At Hagedorn's, I've been taught to shoot select and/or chop (depending on where the tree is at) the big sacrificial tip at roughly leaf drop time (give or take a number of weeks depending on how big your work backlog is). Others vary in their timing/reduction approach and get similar or competent results too though. For example Ryuchi Kitadani (in the youtube video linked above) seems to do it at a completely different time of the year (spring + summer). Also, while Kitadani aggressively solos out (selects down to 1 tip shoot) his poodles, Hagedorn will instead keep
several mega-shoots up there before reducing -- Both seem to get great results in development goals (thickening, wound-healing, root development, wound-closing). Both seem to not lose what they want to keep down in the retain-region. One critical difference between Kitadani and Hagedorn though is that most of Hagedorn's JBPs that I've seen or worked on are not shohin or even close to shohin. The solo'ing out seems to be more common the smaller the target size is. I study under Andrew Robson as well (some of his JBP training coming from apprenticing under Hagedorn) and his shohin JBPs tend to have more solo'd out, single leader poodles. The bigger the target tree size, the crazier the tip sacrificial is, and the less the retain region seems to mind even while being aggressively decandled. Anecdotally-speaking.
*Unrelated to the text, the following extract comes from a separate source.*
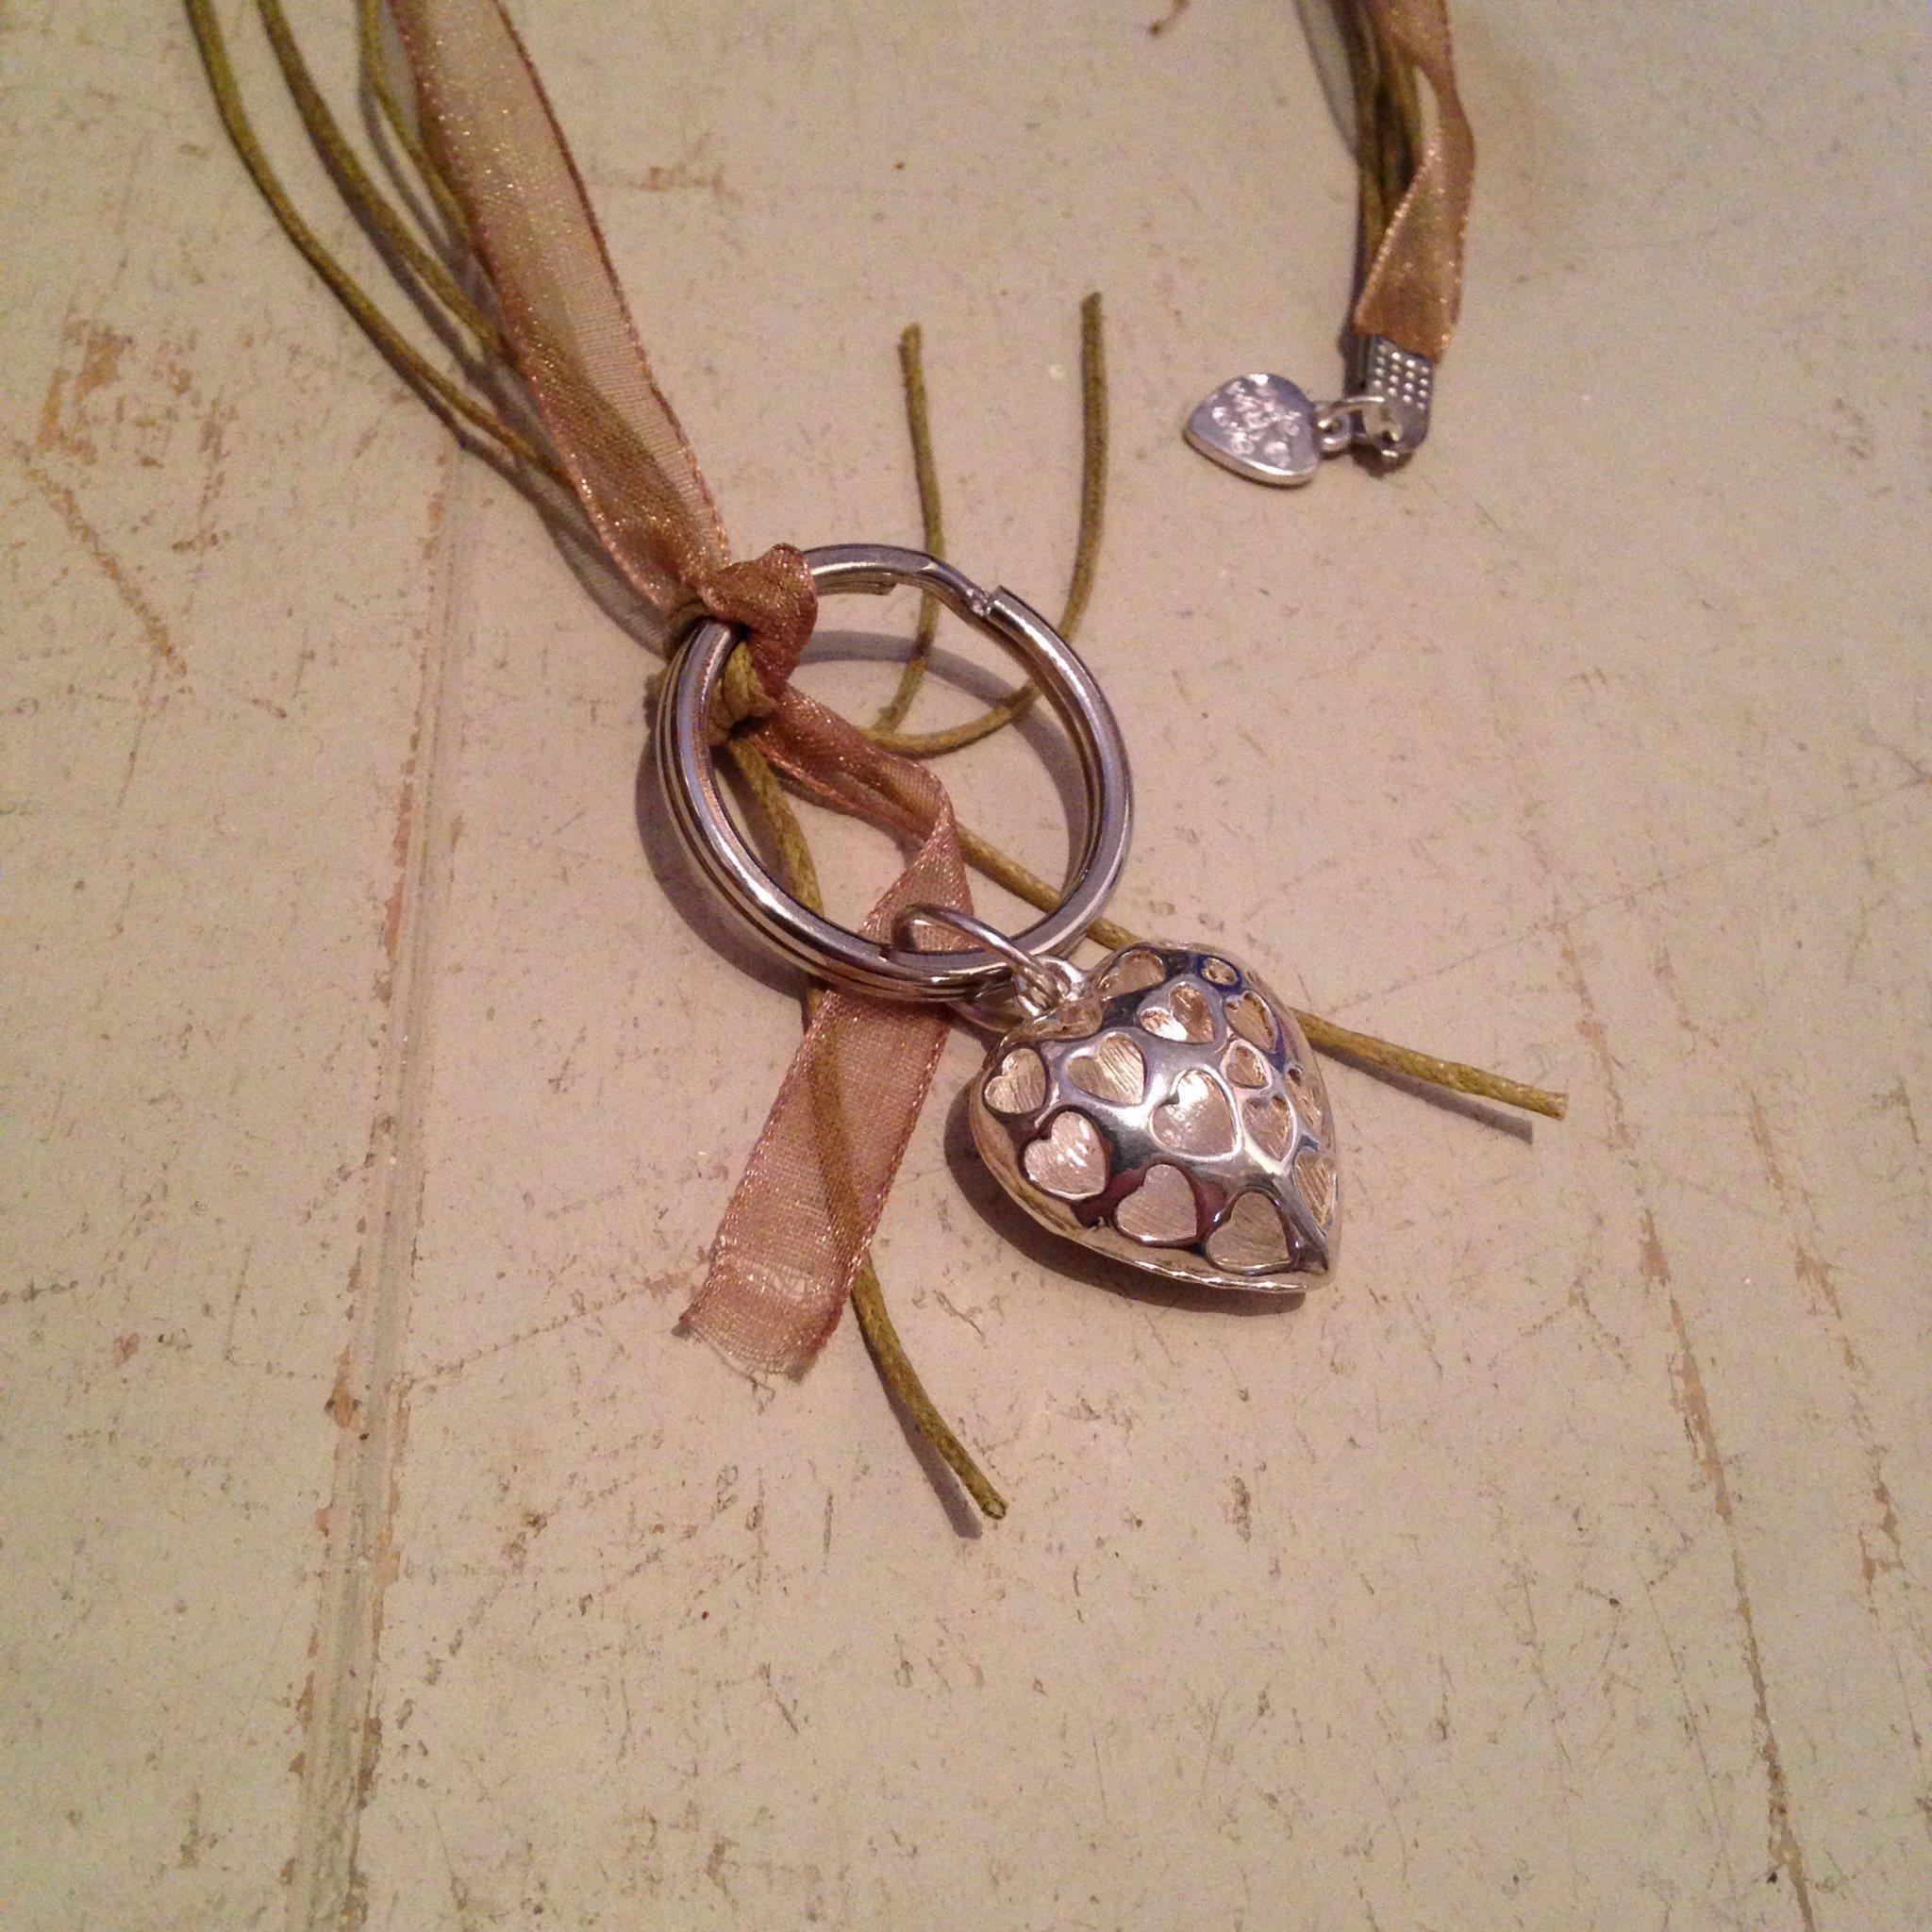 Nyckelring hjärta (340721532) ᐈ Köp på Tradera 0da1581a2b51c
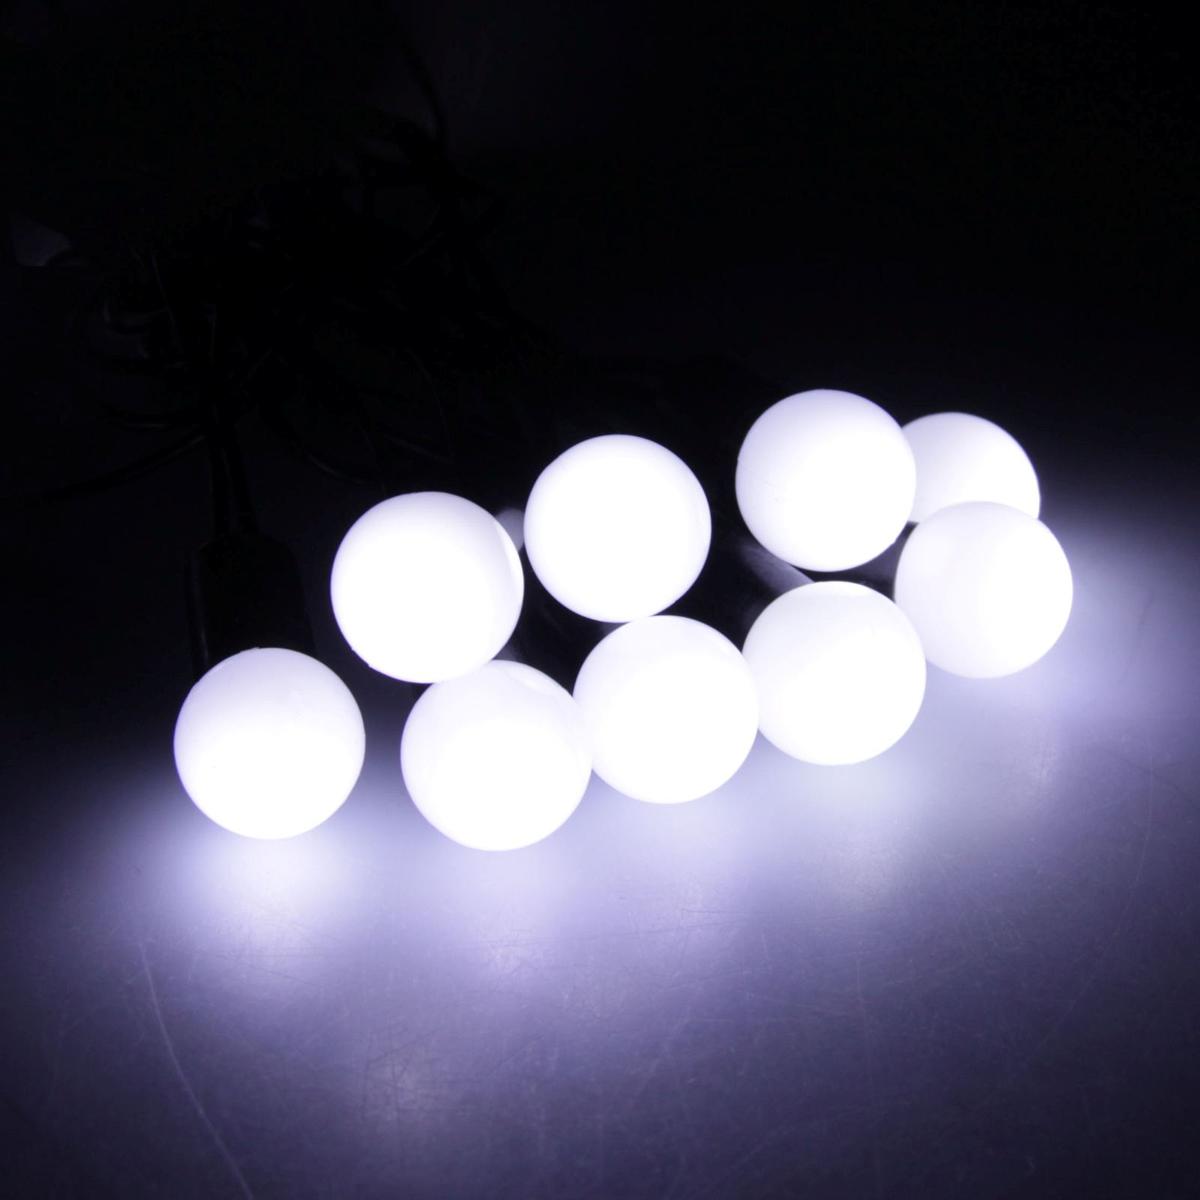 Гирлянда светодиодная Luazon Метраж. Шарики, уличная с насадкой, 8 режимов, 50 ламп, 220 V, 6 м, цвет: белый. 538717538717Светодиодные гирлянды, ленты и т.д. — это отличный вариант для новогоднего оформления интерьера или фасада. С их помощью помещение любого размера можно превратить в праздничный зал, а внешние элементы зданий, украшенные ими, мгновенно станут напоминать очертания сказочного дворца. Такие украшения создают ауру предвкушения чуда. Деревья, фасады, витрины, окна и арки будто специально созданы, чтобы вы украсили их светящимися нитями.

In terms of selection/solo timing, I personally justify keeping the surplus top shoots until leaf drop time with the argument that I want to get whatever current-year productivity I can get before selecting them out, so I never remove these when they're still fresh, however, I have sometimes felt compelled to select out the extras at a non-leafdrop time if I feel like I'm about to lose valuable/useful tiny/weak branches far below (if working at shohin scale). YMMV depending on climate and myriad other horticultural factors.
Regarding "strip almost everything other than the poodle tip itself", I have tried to keep at least 1 extra not-too-strong shoot somewhere half way up to the poodle -- in your picture, this'd be a single small shoot located at that group of needles half way up. This gives me something to "step down to" and maintain at least a little bit of sap flow right after chopping away the poodle. The hope being that anything that is proximate to the base of the sacrificial leader (and/or weak) doesn't die off after that chop. This is an approach I got from Jonas Dupuich and seems to help with the transition. I decandle that step-down shoot to keep it from becoming leader-like unless I'm anticipating a near-term poodle chop.